Opinión | Tribuna
«¿Está ocupado?»
La clave no es el enemigo, sino el espectáculo: la insinuación constante de que, en cualquier momento, algo terrible podría ocurrir.
La lógica es simple y brutal: el miedo vende

Donald Trump
El cuerpo se ha convertido en uno de los grandes campos de batalla. Como en una pesadilla simbólica, Donald Trump irrumpe en escena como quien empuja con soberbia la puerta de un baño público, con ese gesto entre la certeza y el recelo. La luz —dura, fría, impersonal— acentúa su rostro: una máscara envejecida de testosterona y arrogancia. «¿Está ocupado?» pregunta, no como quien duda, sino como quien exige. Pero dentro ya hay alguien, y esa presencia lo desconcierta. Es Vivian Jenna Wilson, la hija trans de Elon Musk, la que no pertenece a los círculos «correctos», la renegada. «Sí, está ocupado. Pero no por quien imaginas», responde, como si esa puerta que Trump intenta cruzar fuera la última frontera, la última línea de defensa de un orden en disputa.

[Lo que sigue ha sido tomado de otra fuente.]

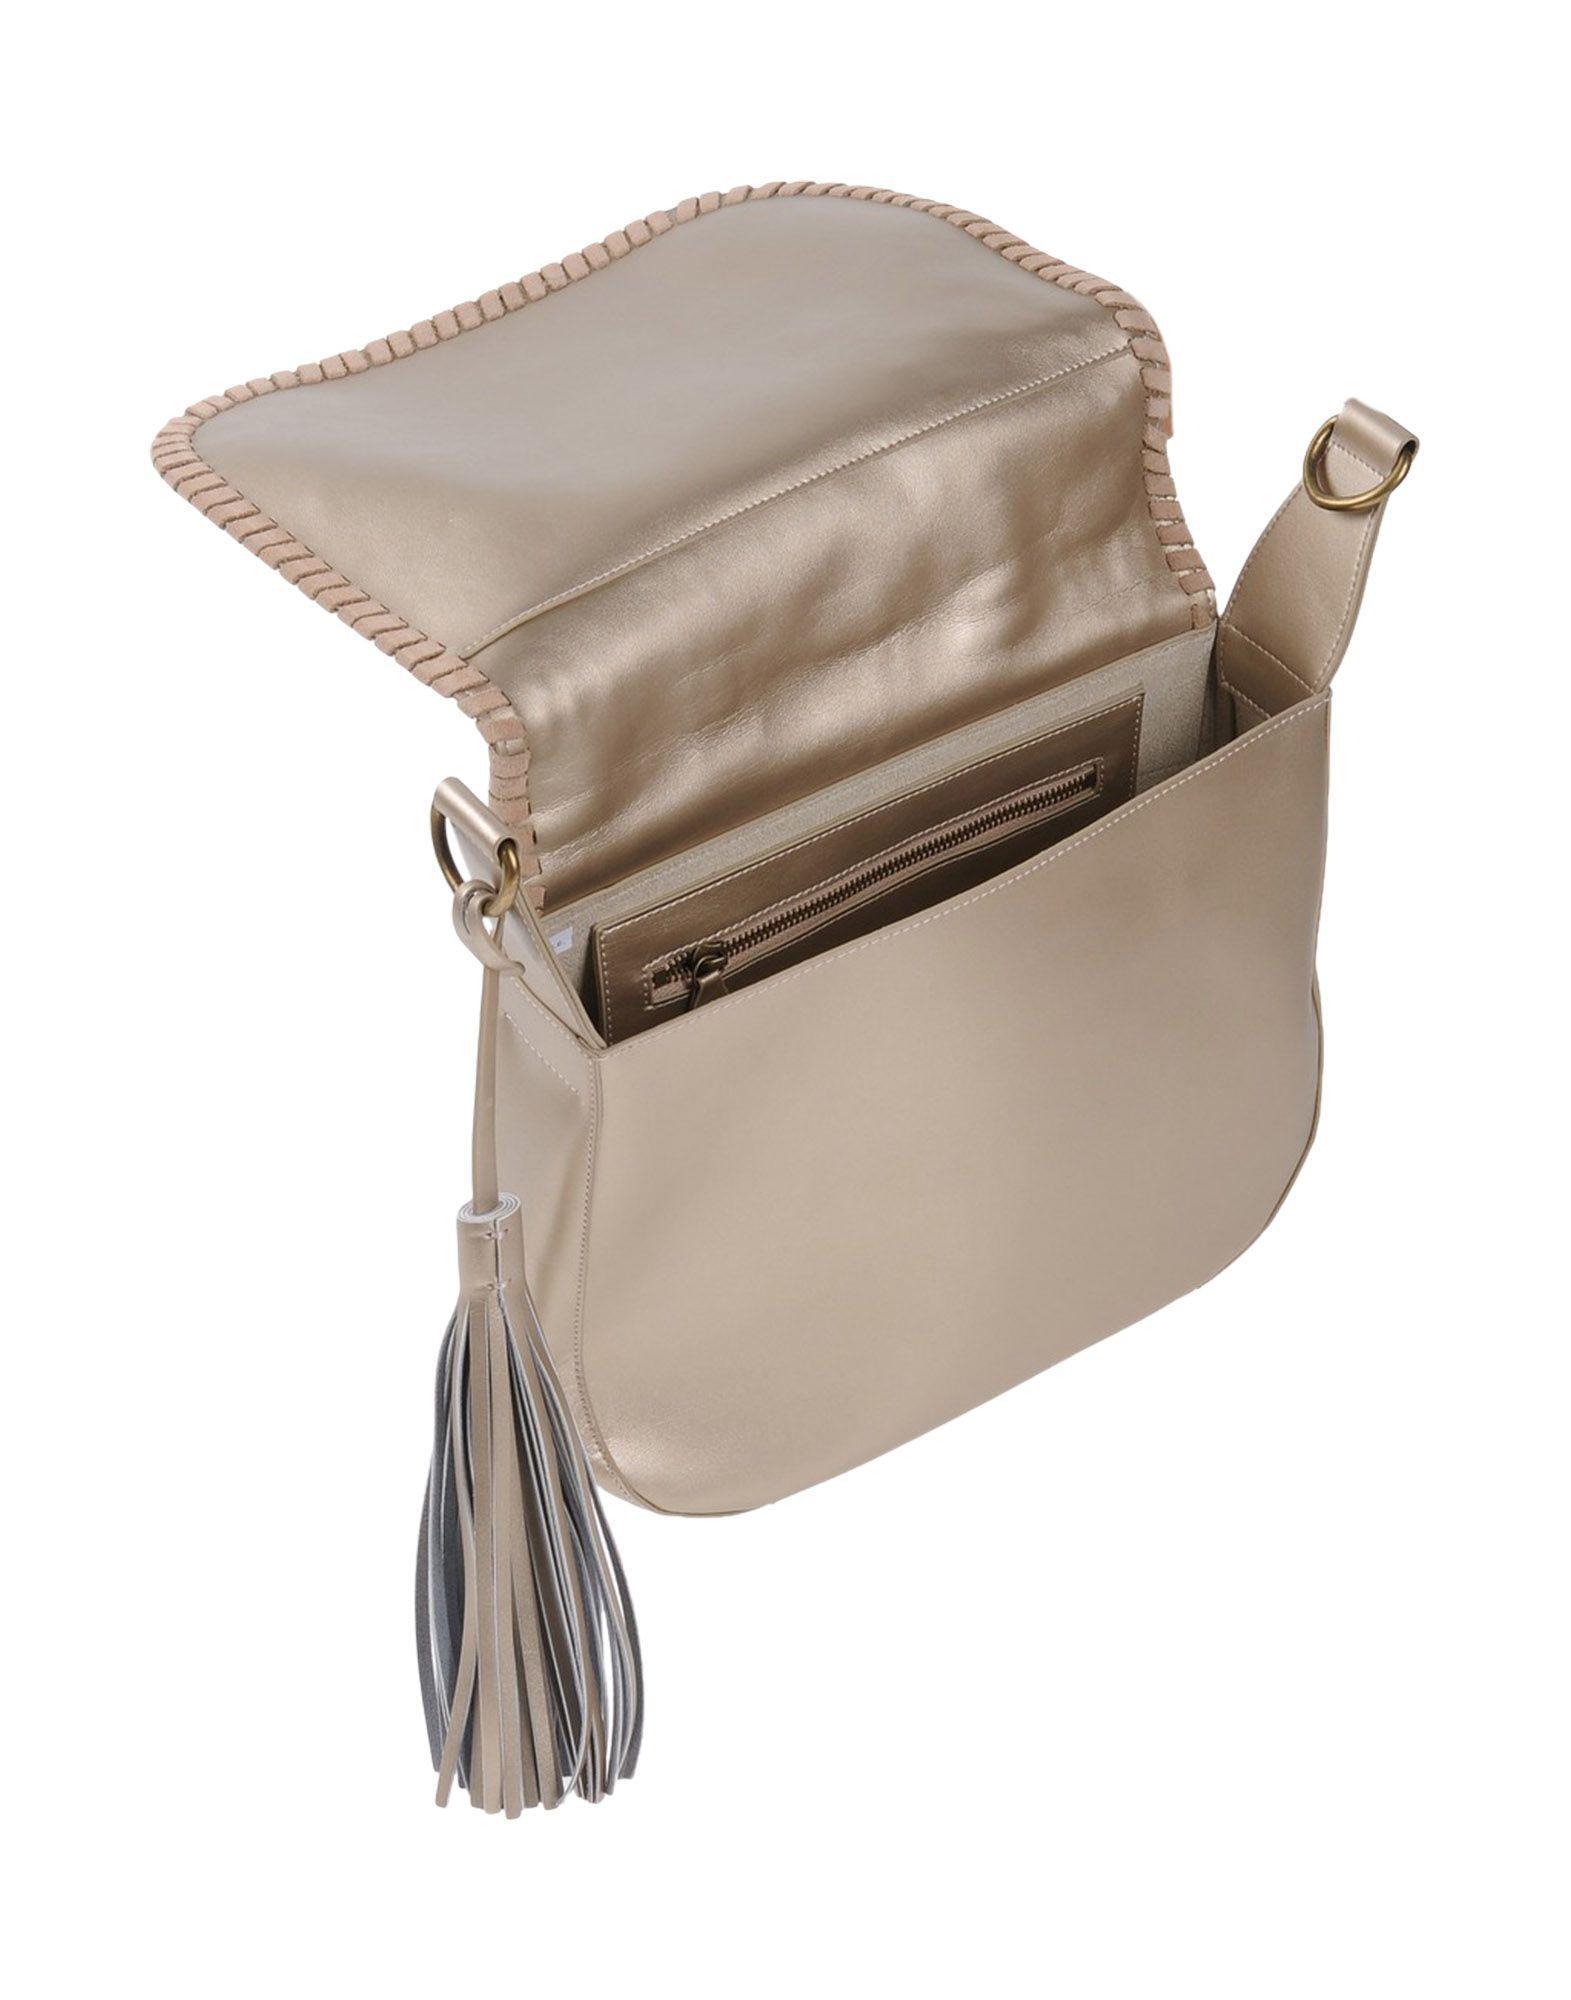 Sacs Bandoulière Cuir Mia Bag

Lo insólito es que nadie le había preguntado nada. Las puertas cerraban bien, los cerrojos funcionaban. Todo estaba en calma hasta que llegó él, con el ruido de sus órdenes ejecutivas, dispuesto a convencernos de que justo ahí, entre azulejos y grifos, se escondía el apocalipsis. Mientras el mundo lidia con la crisis climática, la desigualdad global y las guerras, Trump elige su amenaza: un colectivo que, según la OMS, representa menos del 1 % de la población mundial.
Pero eso no importa. La clave no es el enemigo, sino el espectáculo: la insinuación constante de que, en cualquier momento, algo terrible podría ocurrir. La lógica es simple y brutal: el miedo vende. Y si no hay suficiente, se fabrica. Nada une más a una nación que la percepción de una amenaza común, aunque sea imaginaria. Hoy, las personas trans ocupan el centro de un complot que jamás imaginaron. ¿La trama? Que están a punto de borrar el mundo conocido: a las mujeres cis, a los hombres «de toda la vida», el supuesto orden natural. No con armas ni conspiraciones, sino con algo mucho más subversivo: la libertad de ser quienes son. Lo paradójico es que, de momento, el único borrado verificable es el de la palabra «mujeres» —y otras tantas—, censurada por agencias del Gobierno federal estadounidense que dictan qué términos pueden recibir subvenciones, como si fueran cazadores de herejías léxicas.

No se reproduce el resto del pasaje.